You're right that a lot of ruby developers are pretentious, especially compared to Java or C# developers. Most Ruby developers are programming/technology enthusiasts, they have a passion and interest in what they do, I spend a fair amount of my spare time programming, or reading about programming. This is especially true for experienced developers (before bootcamps were all teaching Rails), they learned Ruby in their own time, not at university.
On the other hand, a lot of Java/C#/Python devs do it as a job and nothing else, which there's absolutely nothing wrong with, everyone has different hobbies and interests. One of my coworkers was previously a Java developer, and he has no particular interest at all in programming, he would probably be just as happy as an accountant, he spends his spare time painting or with his family.
> there’s plenty of languages out there that developers can be just as productive with
There aren't that plenty really. Golang has nothing like Rails, neither does Node. You can say Django / Laravel but then it's the same performance issues.
Or maybe you're talking good old enterprise software like Spring / Asp. I don't think Ruby/Rails should feel inferior to any of those names for web development.
I think you can absolutely be just as productive with JS, but it's also easy to be incredibly unproductive.
The problem I have with JS (both for server side and client side) is that there's usually several different packages/libraries/frameworks to achieve the same goal, and often one gets deprecated in favour of another, requiring constant updates and changes to the development and build environment. JS development is all about the flavour of the week. For example gulp/grunt/webpack, or NPM/bower/yarn. This is compounded by the lack of a standard library.
Every company has its own particular build system (and configuration of that system), libraries they use, style guide, and file/folder layout. It's also very easy to abuse scoping and class mutability, with only style guides and eslint to save you.
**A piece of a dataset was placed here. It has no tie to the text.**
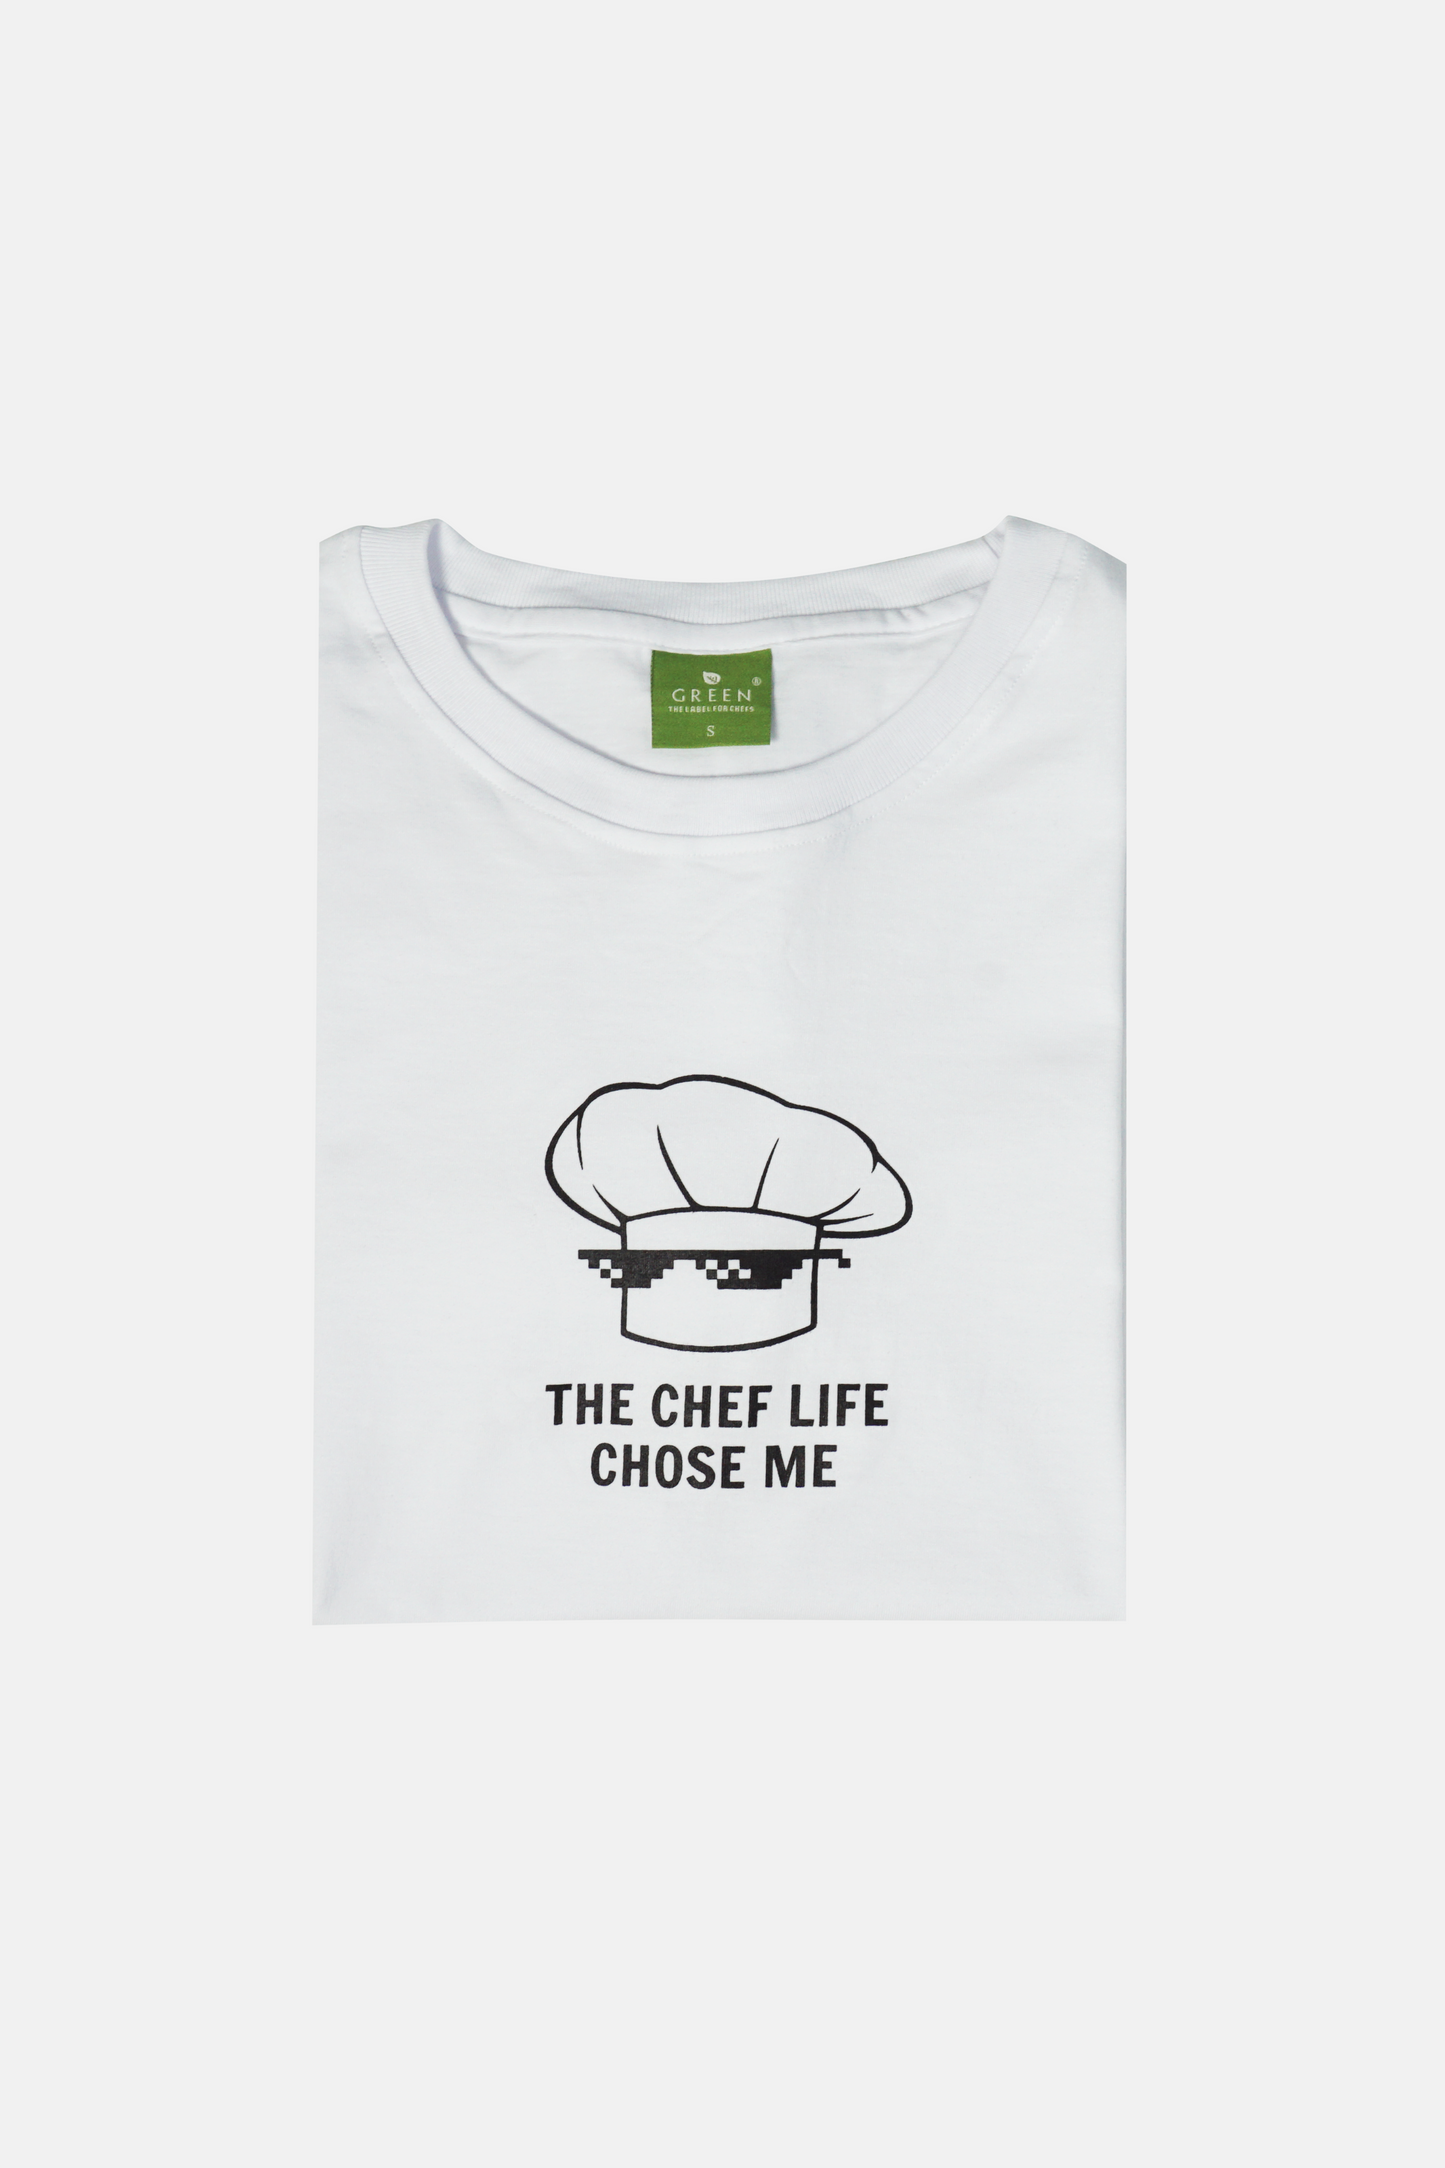 The Chef Life Chose Me cotton tshirt

It can be a lot of work keeping a larger and older project up to date.
> The problem I have with JS (both for server side and client side) is that there's usually several different packages/libraries/frameworks to achieve the same goal, and often one gets deprecated in favour of another, requiring constant updates and changes to the development and build environment. JS development is all about the flavour of the week. For example gulp/grunt/webpack, or NPM/bower/yarn. This is compounded by the lack of a standard library
So which ecosystem is more productive then? What you just described is horrible for a company like Shopify; they aren't a 3 men team working in a garage. And even for a small team, why would you wanna chase a crazy ecosystem like that instead of focusing on your actual product?
I think that it can be a productive ecosystem if you have experienced technical leadership that's proactive in keeping things up to date. If you spend a bit of time every month or two keeping your dependencies up to date it's not too painless, but if you neglect it for years, then it's an absolute pain to update.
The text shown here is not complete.